◆ DATA PROVIDED:
= = = = =

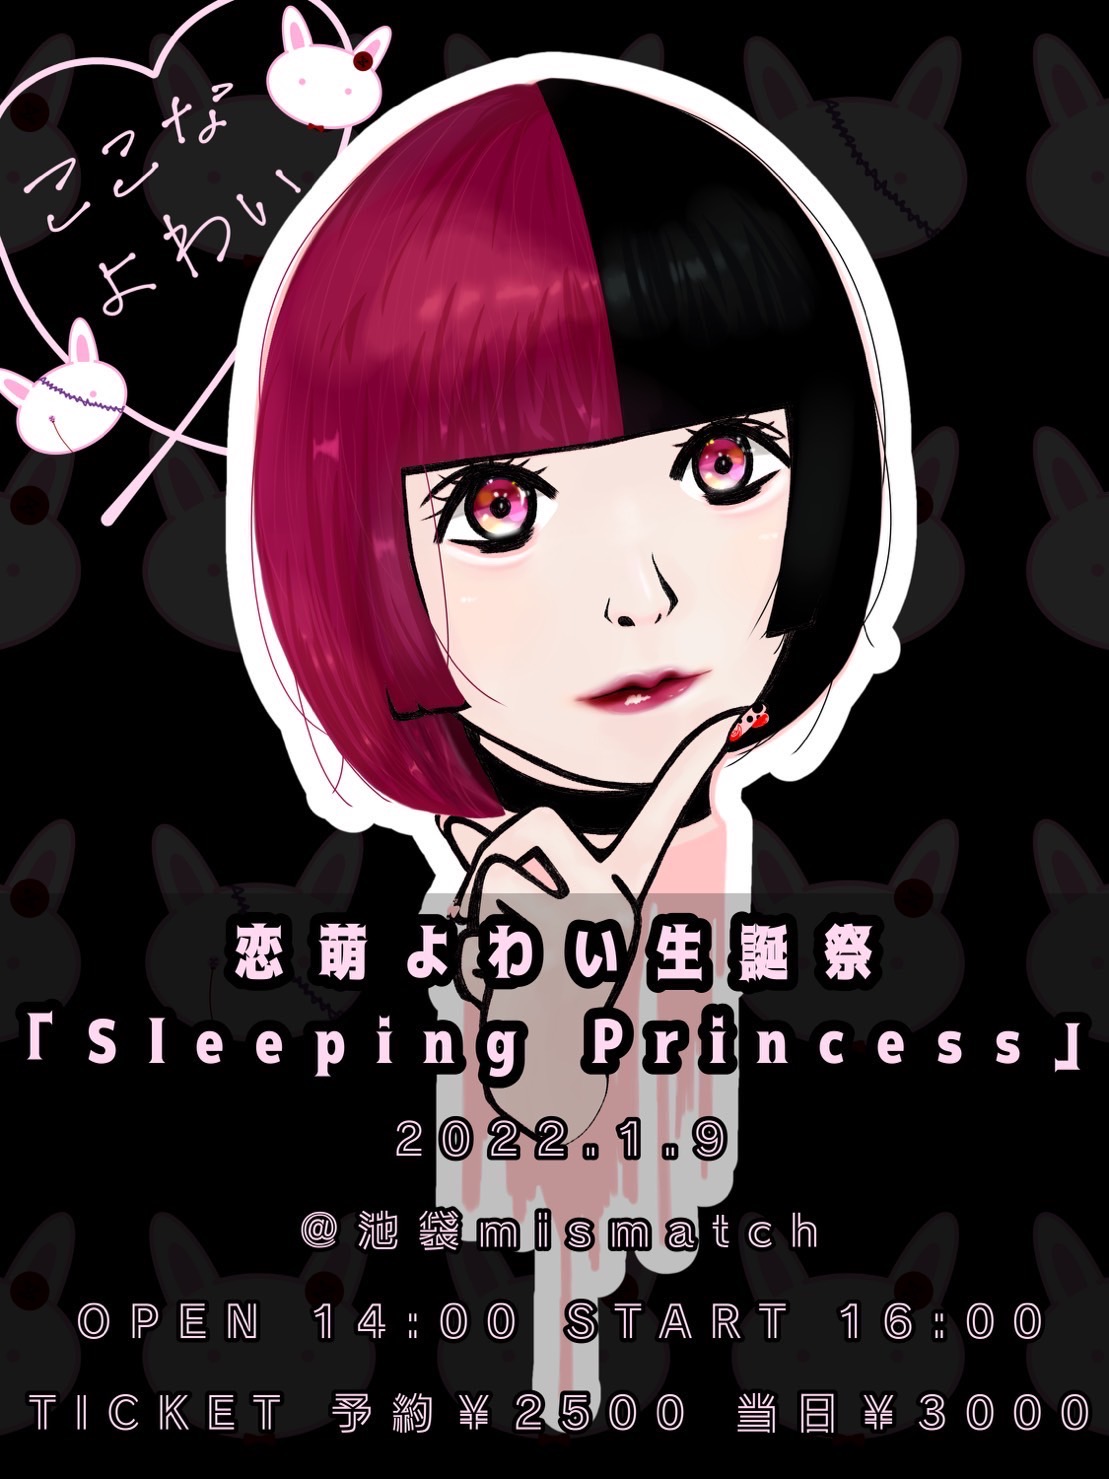 恋萌よわい生誕祭『Sleeping Princess』
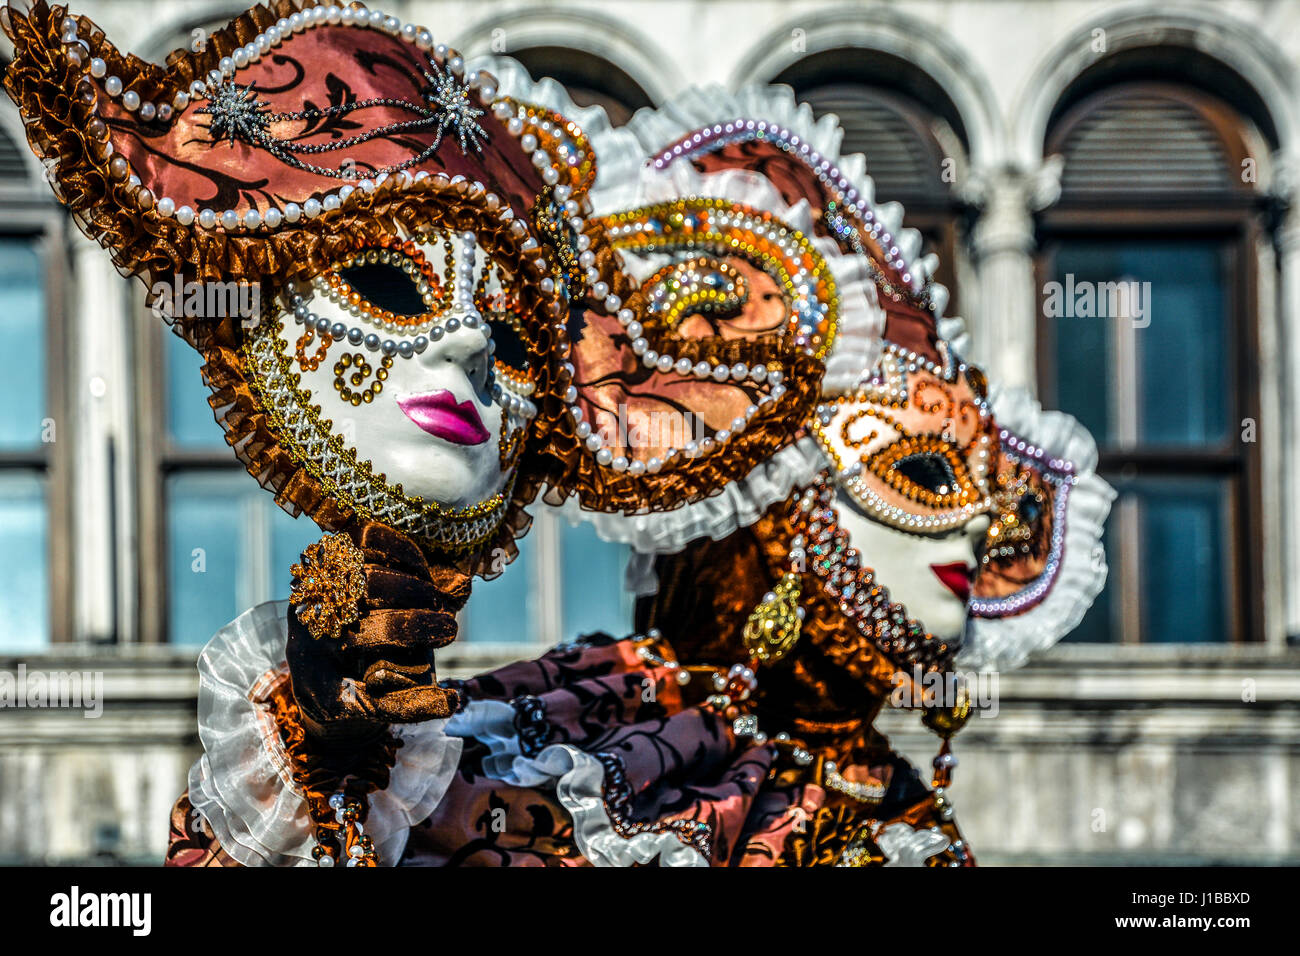 Schöne Masken in geheimnisvollen Farben venezianische Maske. Modefoto.  Feiertage und feste Stockfotografie - Alamy
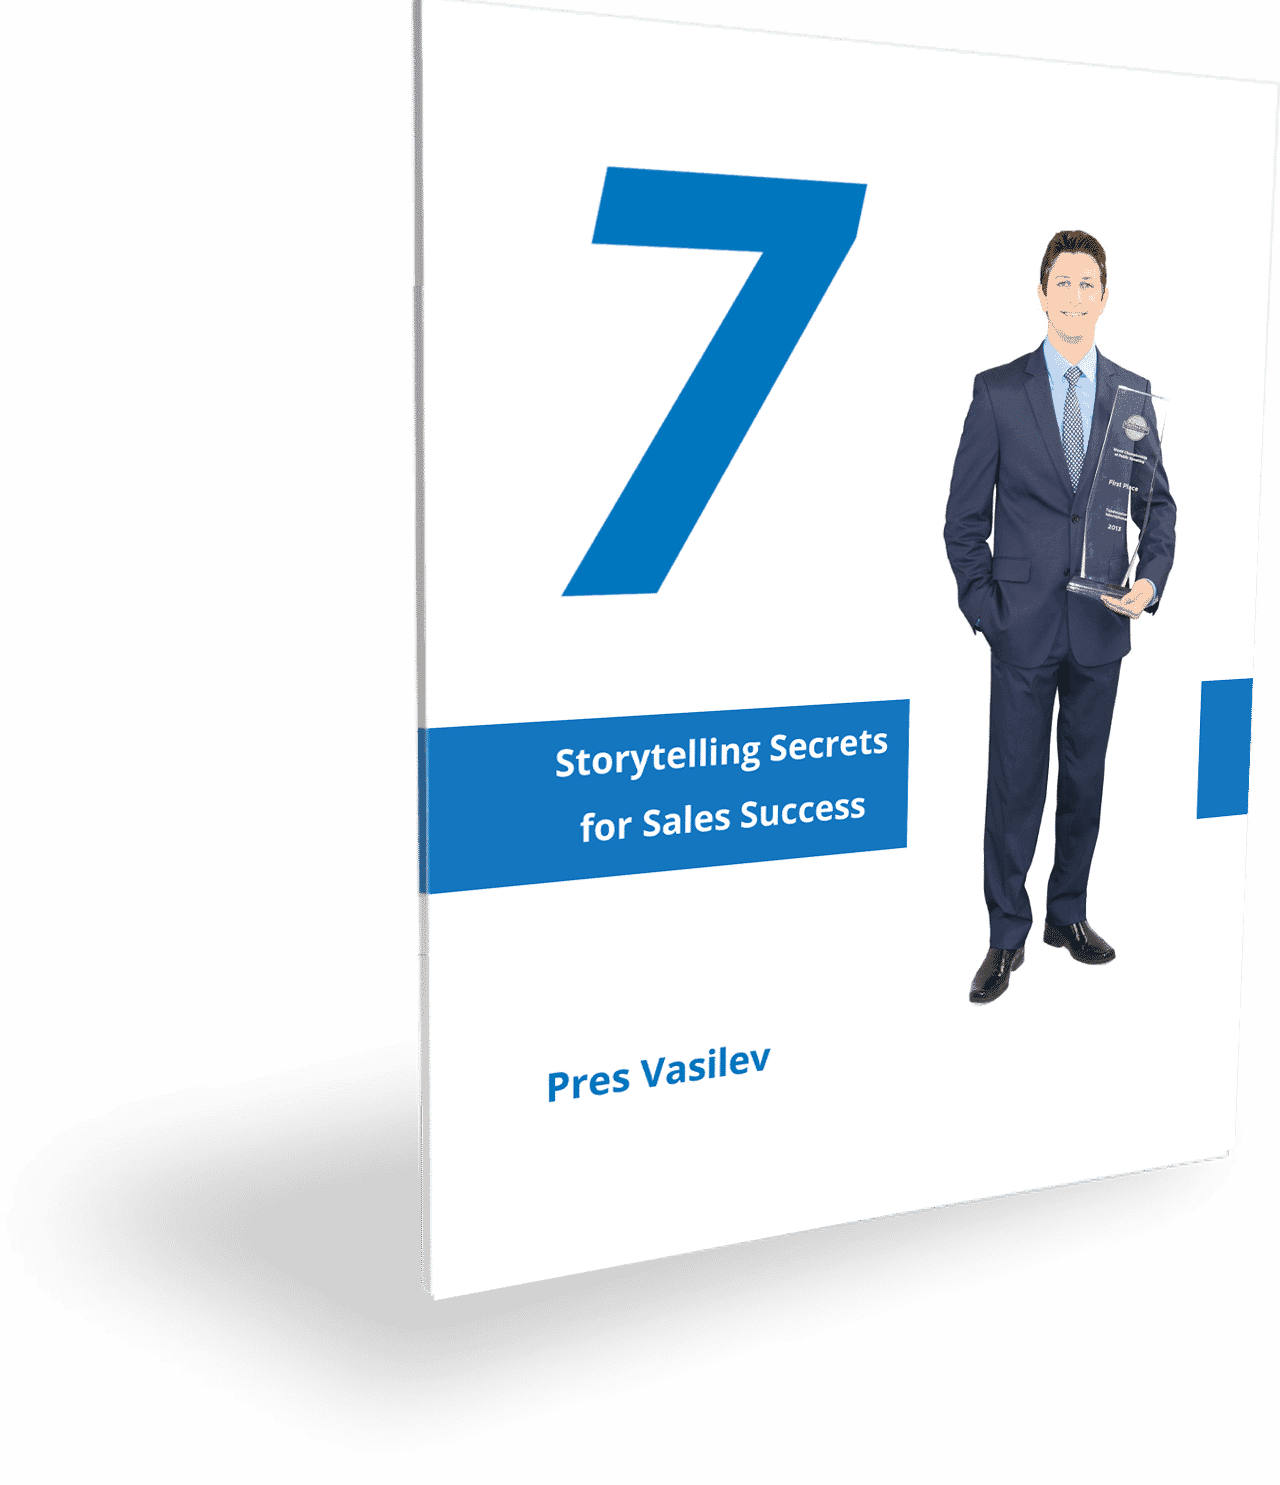 Pres-Vasilev-7-Storytelling-Secrets-for-Sales-Success

= = = = =

◆ EXERCISE DESCRIPTION: Would you print all of the material exactly as written, minus the pictures?

◆ TASK RESPONSE:
 恋萌よわい生誕祭『Sleeping Princess』
 Schöne Masken in geheimnisvollen Farben venezianische Maske. Modefoto.  Feiertage und feste Stockfotografie - Alamy
 Pres-Vasilev-7-Storytelling-Secrets-for-Sales-Success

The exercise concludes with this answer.